Se refiere a Eugenio Guantay, que durante veinte años fue director y médico del único CAPS de la zona, en Colalao del Valle, a unos 10 kilómetros de Pichao. “Era el único médico que atendía acá. Ahora está esperando juicio. Las chicas no iban. Hasta que una por suerte habló. Y detrás de ella, salieron otras tres. Una de ellas era menor. Y todas eran de la Comunidad India de Quilmes”.

¿Qué pasa cuando una indígena trabaja como médica en el sistema de salud? “Y, yo siento tensión –admite Tujuayliya Gea Zamora-. Mis colegas enseguida culpan a la familia. La interculturalidad queda en lo discursivo y termina siendo una suerte de mote, de adorno. Tenemos que ponernos a discutir qué hacemos, cómo lo hacemos, cómo tratamos a los demás. Saber que hay otro cultural que no es igual que vos, que no necesita lo mismo que vos. Todos estudiamos el conocimiento hegemónico sin tener en cuenta las particularidades y saberes de los territorios, que son diversos”.

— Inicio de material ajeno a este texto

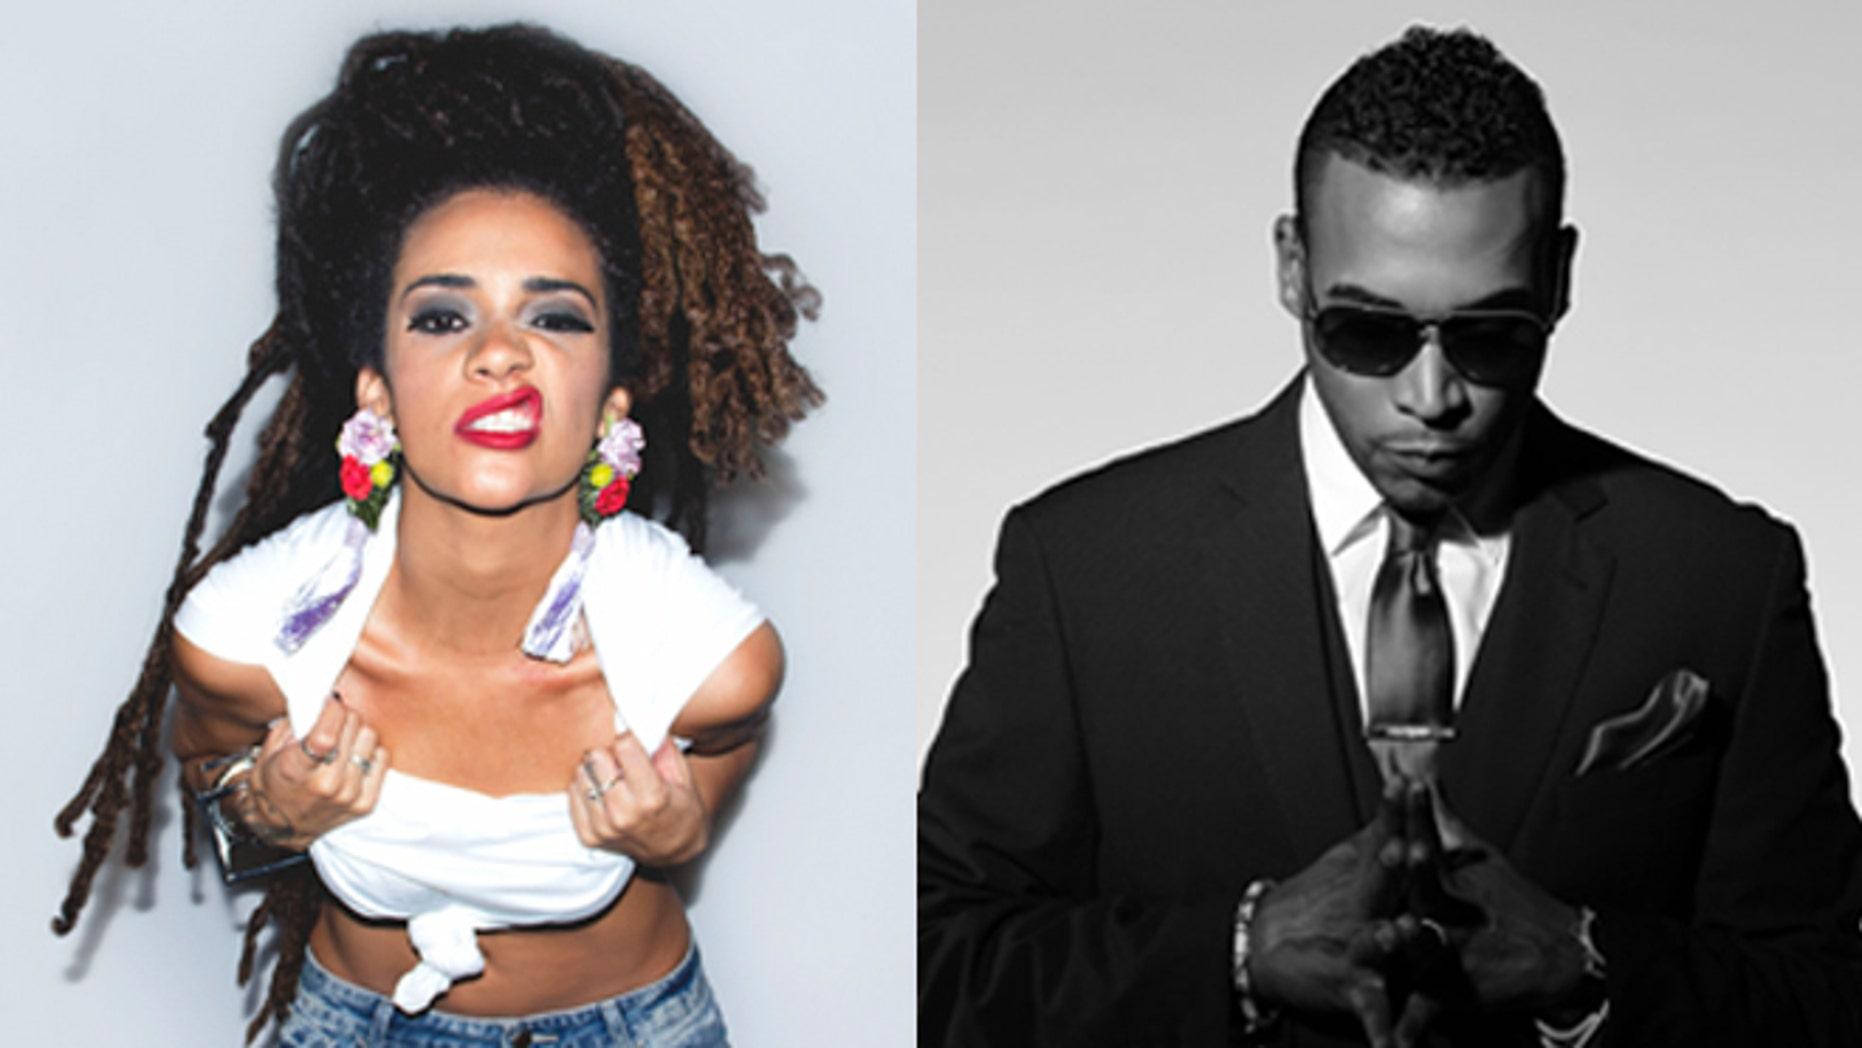 This year's Soulfrito lineup includes Puerto Rican singer-songwriter Calma Carmona, left, and El Rey de reggaeton, Don Omar. (Photos: Courtesy Soulfrito music festival)

Territorios que, según la trabajadora mapuche de Línea Sur, Río Negro, han sido recuperados por “mujeres indígenas y campesinas” a las que se las victimiza pero “se desconoce todo el valor y toda la fortaleza que tienen. Ellas ponen el cuerpo en recuperaciones de tierras ancestrales. Han sostenido la lucha. Hubo muchas migraciones forzadas a ciudades para el trabajo doméstico, pero algunas han vuelto. Y vamos tratando de recuperar parte de la historia. Es un camino de lucha y de reencuentro. Con el cuerpo y con el territorio”.

En la escuela, la comisaría, el juzgado. En la salita, la iglesia, el hospital. El poder del Estado avasallando los cuerpos de niñas, mujeres y adolescentes indígenas, que lejos de rendirse siguen de pie luchando -como dice el Feminismo Territorial Mapuche- por ta iñ kalvl, ta iñ mapu, ta iñ jvzkun (nuestros cuerpos, nuestra tierra, nuestros abortos).